- DVD box art
- Directed by: Arthur H. Leonard
- Written by: Vincent Valentini
- Produced by: Jack Goldberg Arthur H. Leonard
- Starring: Tim Moore The Brown Dots Slam Stewart Sid Catlett Gene Krupa.
- Cinematography: George Webber
- Edited by: Jack Kemp
- Production company: Herald Pictures
- Distributed by: Screen Guild Productions
- Release date: April 7, 1947;
- Running time: 70 minutes
- Country: United States
- Language: English

= Boy! What a Girl! =

Boy! What a Girl! is a 1947 American race film directed by Arthur H. Leonard and starring Tim Moore, with guest appearances by the Brown Dots, Slam Stewart, Sid Catlett and Gene Krupa.

==Plot==
Would-be theatrical producer Jim Walton (Elwood Smith) is planning a new show that will feature bandleader Slam Stewart and the comic female impersonator Bumpsie (Tim Moore). Mr. Cummings, the wealthy father of Jim’s girlfriend Cristola, has agreed to finance half of the show if the famous Parisian impresario Madame Deborah will provide the second half of the funding. When word arrives that Madame Deborah’s arrival from France has been delayed, Bumpsie is brought in to keep Mr. Cummings occupied. Mr. Cummings, however, is unaware that Bumpsie is a man in drag and he falls in love with him.

The real Madame Deborah unexpectedly arrives early and passes herself off as Mrs. Martin. Two other would-be suitors, impressed with Madame Deborah’s wealth, begin to pursue Bumpsie.
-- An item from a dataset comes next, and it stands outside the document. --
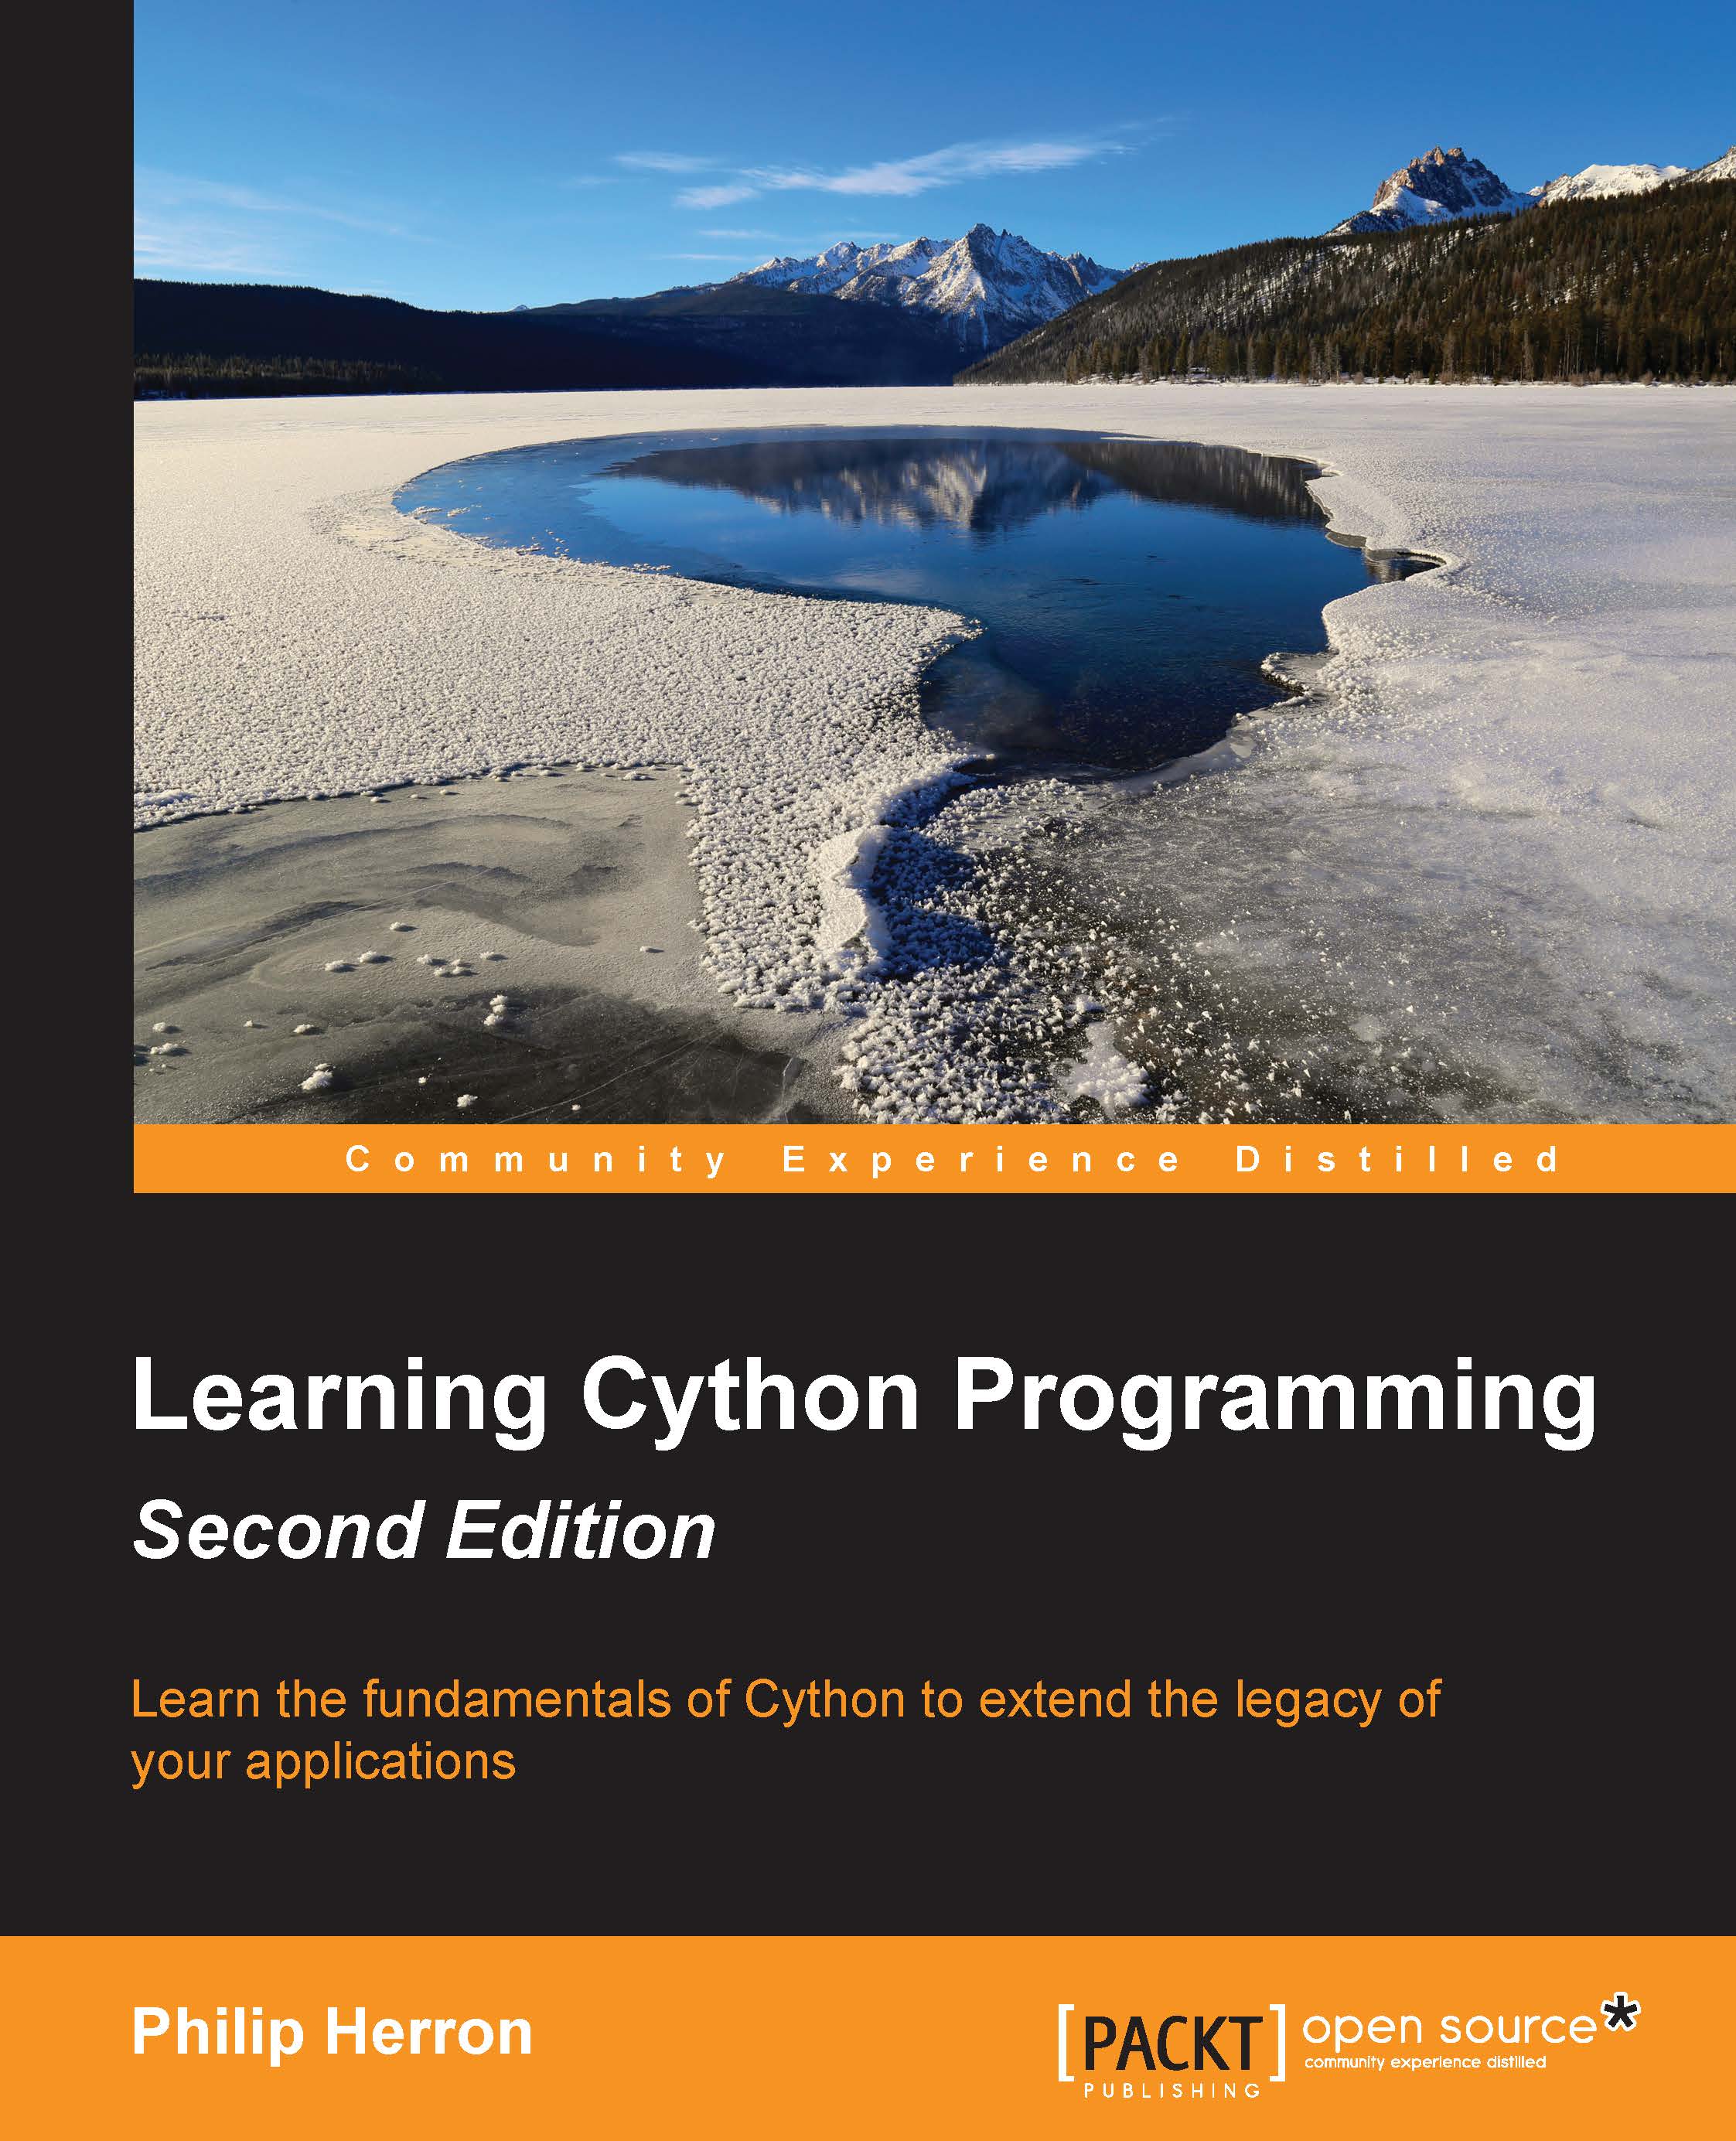 Learning Cython Programming (Second Edition)

A fundraising party for the show is held, where several musical acts arrive to perform. A pair of thugs attempt to kidnap Bumpsie, believing he is Madame Deborah, but he manages to escape. The real Madame Deborah identifies herself and agrees to finance Jim’s show, enabling him to achieve his professional goals and to marry Cristola.

==Cast==
- Tim Moore as Bumpsi
- Elwood Smith as Jim Walton
- Duke Williams as Harry Diggs
- Alan Jackson as Mr. Cummings
- Sheila Guyse as Francine
- Betti Mays as Cristola
- Sybil Lewis (actress) as Mme. Deborah Martin
- Warren Patterson as Donaldson the Landlord
- Milton Woods as the Jealous Lover
- Lorenzo Tucker as the Jealous Lover's Helper

==Production==
Boy! What a Girl! was planned to be the first in a series of all-black race films produced by the independent company Herald Pictures. The film’s press kit acknowledged the segregated distribution patterns of the race film by proclaiming Boy! What a Girl! would be “an all-Negro motion picture can be produced to play in any theater in the country and not merely confined to the some 600 odd playhouses that cater strictly to an all-Negro audience.”

The film was shot at the Fox Movietone Studio in New York City. Gene Krupa, the only white member of the cast, was not originally signed to appear in the film; director Arthur H. Leonard invited Krupa to be on camera when the famous drummer stopped by to visit cast member Sid Catlett on the set.

Boy! What a Girl! was the only starring film role for Tim Moore, an African American vaudeville comedy star who later became famous as the Kingfish in the television series Amos 'n Andy.

A pre-production news item identified Marva Lewis, the ex-wife of boxing champion Joe Louis, as being a part of the cast, but she is not present in the finished film, as she was forced to withdraw due to illness. She was replaced by the Brown Dots.

==Legacy==
There has been a revival of interest in the film in recent years due to the prominence of its black cast.

Donald Bogle wrote that the race films of the late 1940s succeeded as "fundamental celebrations of cultural roots and communal spirits and also as pure, undiluted celebrations of black style. Such movies as Broken Strings, Boy! What a Girl! (1946), Sepia Cinderella (1947), The Bronze Buckaroo, and scores of others introduced a new rhythm to American cinema. Vocal inflections and intonations set the ears abuzz. The manners, gestures, postures, surprising double takes, swift interplay and communication between the characters is a world unto itself, capturing, despite whatever other distortions or failings, a segment of black American life and culture."